Loadleveling must be enabled on at least two nodes for processes to
migrate. If only one node has loadleveling enabled, then the node
will never try to load balance since there is no where else to move
processes to. If loadleveling is not enabled then the commands
"loadlevel -p <pid>" and "loadlevel <program>" will make the
process eligible to move, but the processes will not loadlevel until
loadleveling has been enabled on more than one node using the
The "loads" command displays the Mosix load of each node in the cluster.

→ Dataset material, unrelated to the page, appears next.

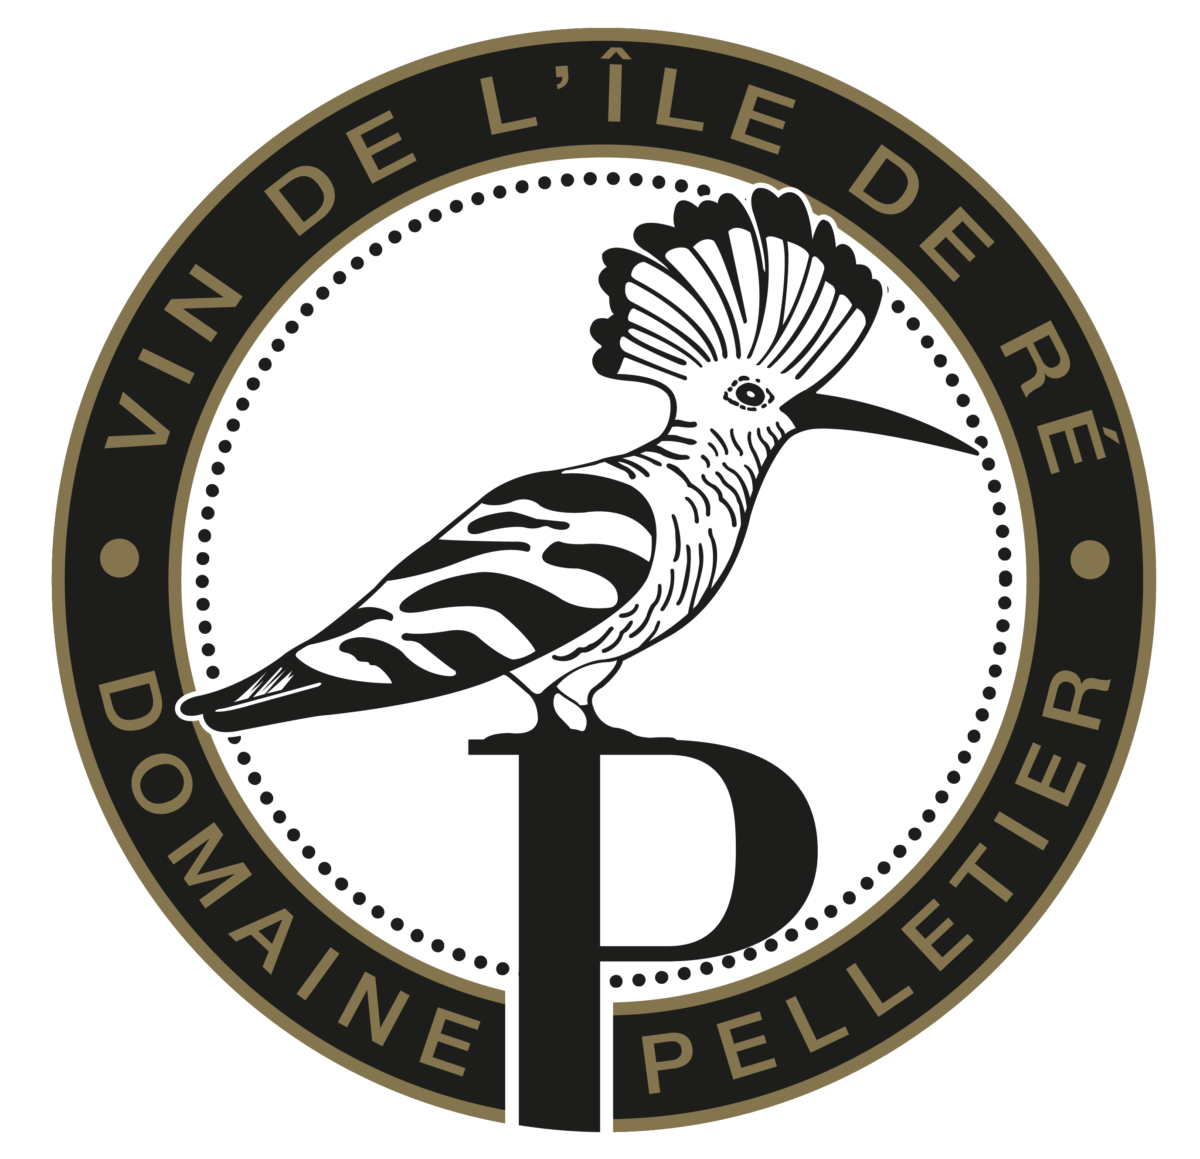 Domaine Pelletier, Vins de l'ile de Ré

An asterisk next to the load means that loadleveling is not on for
that specific node.
Using the Mosix algorithms, the load of each node is calculated and
compared to the loads of the other nodes in the cluster, if its determined
that the node is overloaded it will choose a process to migrate to the best
underloaded node. Using the existing node monitoring scheme, each node
sends its current load to the clms master node, the master node then
sends all the loads its received to all the other nodes. Consequently,
each node independently determines if it needs to move processes to other
nodes and will automatically migrate processes to other nodes.

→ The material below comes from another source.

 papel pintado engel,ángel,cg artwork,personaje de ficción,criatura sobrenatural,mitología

A process gets chosen to migrate if its in the /proc/cluster/loadlevellist,
or its been marked eligible to move with the loadlevel command, and
has the highest weighted load. All processes/applications are
implicitly pinned to the node it started on, unless its added to the
/proc/cluster/loadlevellist file or started with the "loadlevel" command
or use the "loadlevel -p <pid>" command to make it loadlevelable.
Only the load leveling algorithms have been taken from Mosix. The Open
SSI project is using its own process migration model, membership
mechanism, and information sharing scheme needed for automatic load
In addition to process load balancing, OpenSSI also has exec-time load
balancing. At exec time if the node is heavily loaded and the executable
is in the loadlevellist, the exec will turn into an rexec and the
process will be rexec'ed on a less loaded node. For 1.0.0-rc2 release,
the Mosix frequency to determine if a node was overloaded was increased
from 1 sec to every half a second, and the exec time calculations got
linked to the node monitoring frequency.
Limitations with respect to MOSIX
Some limitations on our first load leveling implementation are:
- Currently there is no support for the /proc Mosix interfaces.
This means a node cannot expel remote processes, bring back processes
that have gone remote, or prevent local processes from going remote,
by simply writing into /proc. Default values for decay, and speed
cannot be changed either.
Information that is provided through the /proc mechansim in Mosix,
such as where the process is executing, number of nodes in the cluster,
number of cpu's per node, etc can be obtained by using the SSI
cluster commands/interfaces, such as clusternode_num, cluster,
cluster_getinfo. Migrating processes to another node can be done in
SSI by using the migrate command.